Helper computer—the remote computer to which the job is being offloaded to.
Agent—a software component which is installed on all initiators and helpers computers and communicates between Initiator computer and Helper computer
There is provided a method, a non-transitory computer readable medium and a system that allow execution of tasks which use the GPU power on different computer(s) than the computer on which these tasks were originally meant to be executed.
By allowing the entire process flow to distribute tasks to remote computers a use the GPU power of the remote computers (helpers) instead or along with the GPU power of the initiator computer (Initiator) a very significant performance to the over whole execution of the entire flow can be gained. When a process is assigned to execute on a Helper, the remote process runs on the Helper computer in a special environment representing the Initiating machine's environment that the process requires for correct execution. This environment may be constructed for the remote process on demand (run-time) by the agent. Only the part of the environment that the process requires for correct execution is constructed and not the entire environment of the Initiating machine (we want to remove all occurrences of the word virtualization). Any child processes run by this process will also run on the special environment created by the agent.
The constructed environment fully emulates the initiator computer's environment for the remotely executed process: file system, registry, Process DLLs, standard output, and directory information. All remotely-performed Tasks run in this encapsulated environment. There is no need to copy files from the original computer or install applications on remote computers, the special environment is constructed for the remote processes on the fly while the processes request these resources.

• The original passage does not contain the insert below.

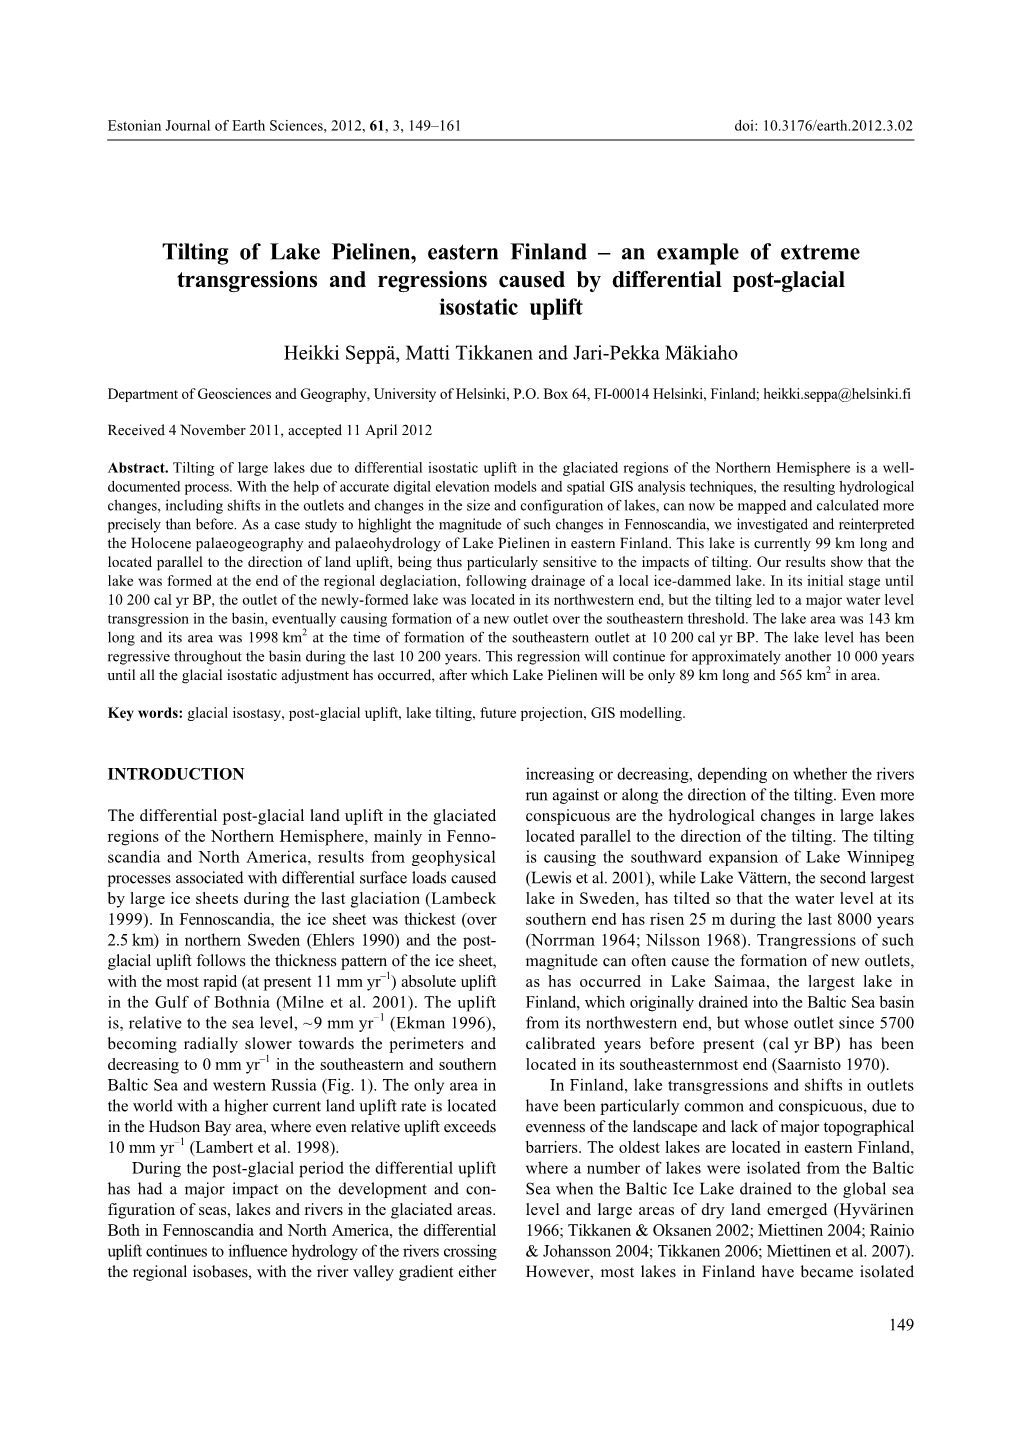 Tilting of Lake Pielinen, Eastern Finland – an Example of Extreme Transgressions and Regressions Caused by Differential Post-Glacial Isostatic Uplift

The entire file system of the initiator computer that will be required by the remote process (and only the file system that will be required by the process) will be synchronized to the remote machine on demand by means that will be described later on. The networks of computers to which the Initiator computer can distribute tasks transform the Initiator computer to a “supercomputer” both in terms of memory CPU and GPU power.
This technology allows the described benefits with the following advantages compared to a cluster solution (for example):
a. No changes to existing source code and architecture
b. No resource management, prior setups or installations
c. No maintenance of virtualization system image repositories
d. No virtualization software is needed (such as VMWare for example)
e. No dedicated hardware required
f. Extremely rapid and cost-effective implementation
In order for a task to be executed on a remote computer (helper), instead of executing the task as-is, the entire command line which represents the task's execution will be passed to the Initiator Agent.
The Initiator agent communicates with the Helper agent and sends him the command line to be executed along with the task's environment block and the process file itself (the executable file)
The helper agent executes the task on the helper computer
The helper agent injects a code to the process. The injected code intercepts all the task's communication with the operating system
Once the task requests any File-System request, for example a file c:\a.txt which exists on the initiating (local) computer and not the remote computer
The file is synched on the fly from the initiator computer to the remote computer and is cached there under a special directory
The call to the operating system is changed in a way that will reflect the path to the cached file instead of the original path. The OS call for example will be changed to open file “C:\Software Cache\a.txt” instead of the original path “C:\a.txt”.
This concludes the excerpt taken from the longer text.